Abstract

Hyperspectral unmixing is a powerful method of the remote sensing image mining that identifies the constituent materials and estimates the corresponding fractions from the mixture. We consider the application of nonnegative matrix factorization (NMF) for the mining and analysis of spectral data. In this paper, we develop two effective active set type NMF algorithms for hyperspectral unmixing. Because the factor matrices used in unmixing have sparse features, the active set strategy helps reduce the computational cost. These active set type algorithms for NMF is based on an alternating nonnegative constrained least squares (ANLS) and achieve a quadratic convergence rate under the reasonable assumptions. Finally, numerical tests demonstrate that these algorithms work well and that the function values decrease faster than those obtained with other algorithms.

1. Introduction

Hyperspectral data are acquired by high-resolution imaging sensors that record hundreds of continuous narrow spectral band images. The goals of hyperspectral imaging are to obtain the spectrum for each pixel in the image of the scene and identify materials or process objects. Because the spatial pixel size obtained by hyperspectral sensors is often large, more than one material can contribute to the spectrum measured from a single pixel, leading to the existence of mixed pixels. To improve the accuracy of the material classification and recognition process, hyperspectral unmixing (HU) is necessary. Certain objects leave unique fingerprints in the electromagnetic spectrum, and these spectral signatures enable the identification of the materials that compose a scanned pixel. HU aims at identifying materials (endmembers) present in a captured image and their corresponding fractional abundances using high spectral resolution of hyperspectral images.

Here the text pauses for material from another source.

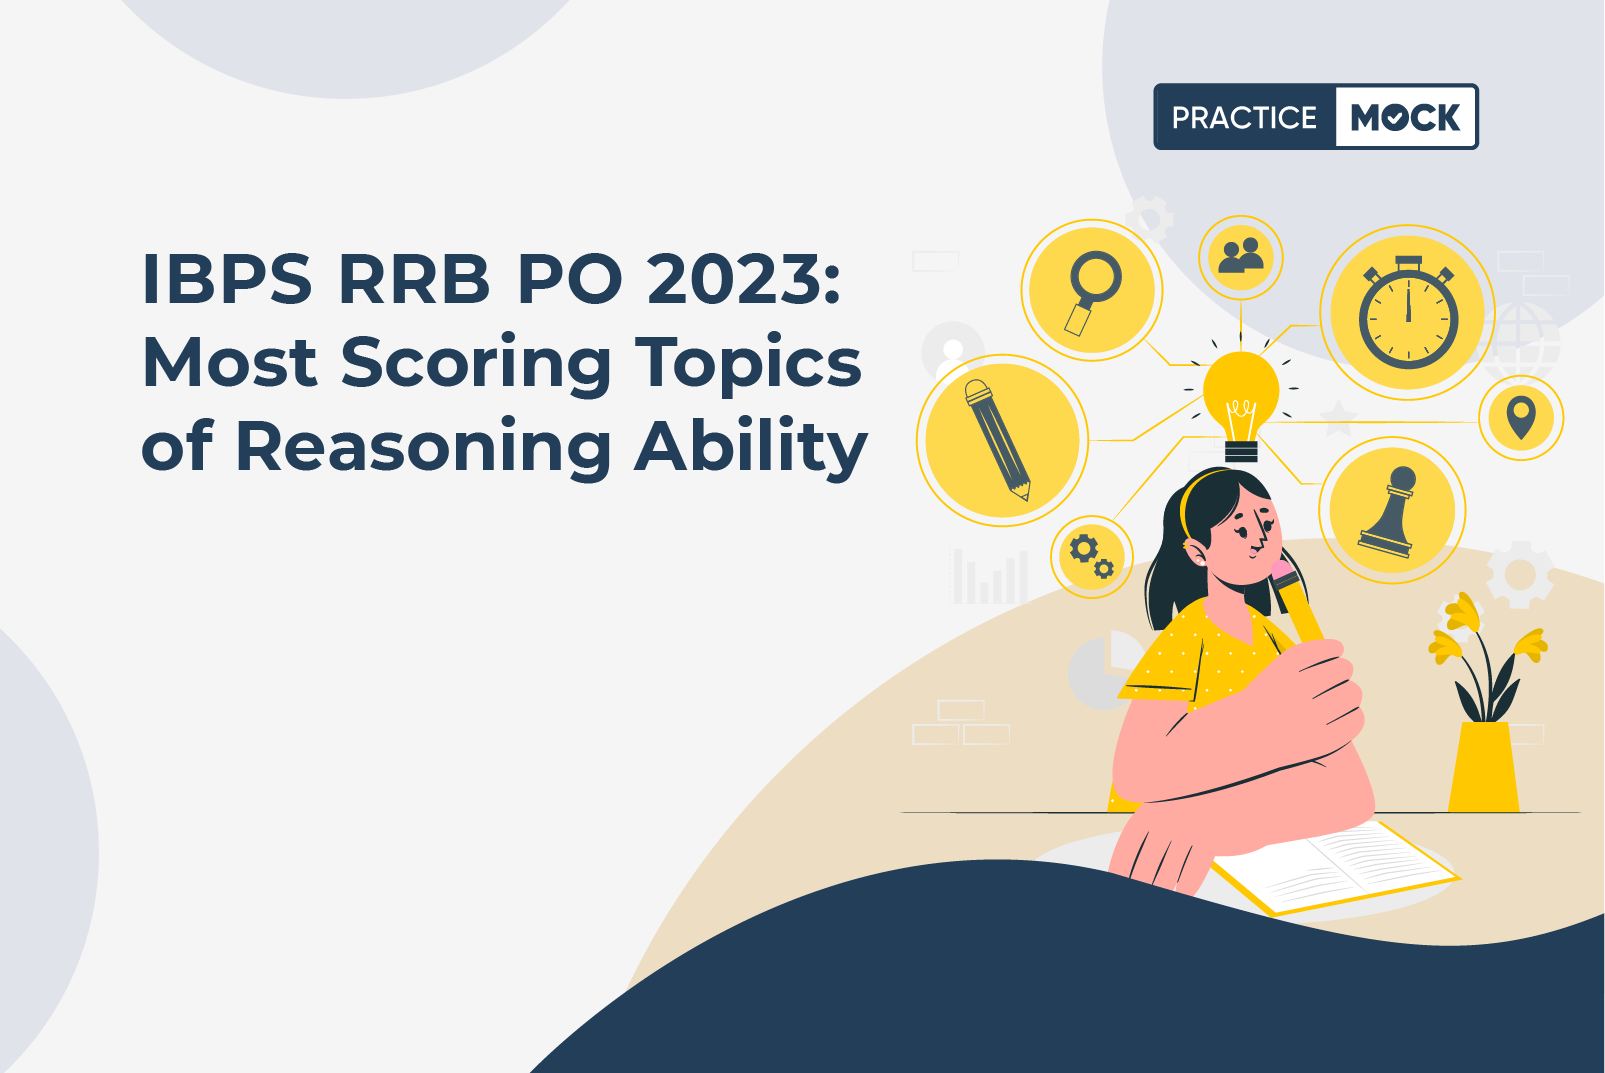 RRB PO 2023 Most Scoring Topics of Reasoning Ability

In the past few decades, researchers have proposed many algorithms for HU based on the linear mixing model. When the endmember matrix is known a priori, one can effectively recover the fractional abundances. Recently, nonnegative matrix factorization (NMF), which is consistent with the linear mixing model, has been proposed as a powerful tool for identifying the components of a certain dataset. In fact, the nonnegative constraints of NMF support the physical meaning of HU, and from a mathematical perspective, NMF divides the original matrix into two matrices. The first matrix contains the basis vectors, which approximate each column of the original matrix with the combination coefficient of a certain column of the second matrix. Based on the above description, NMF provides a new approach to HU [1].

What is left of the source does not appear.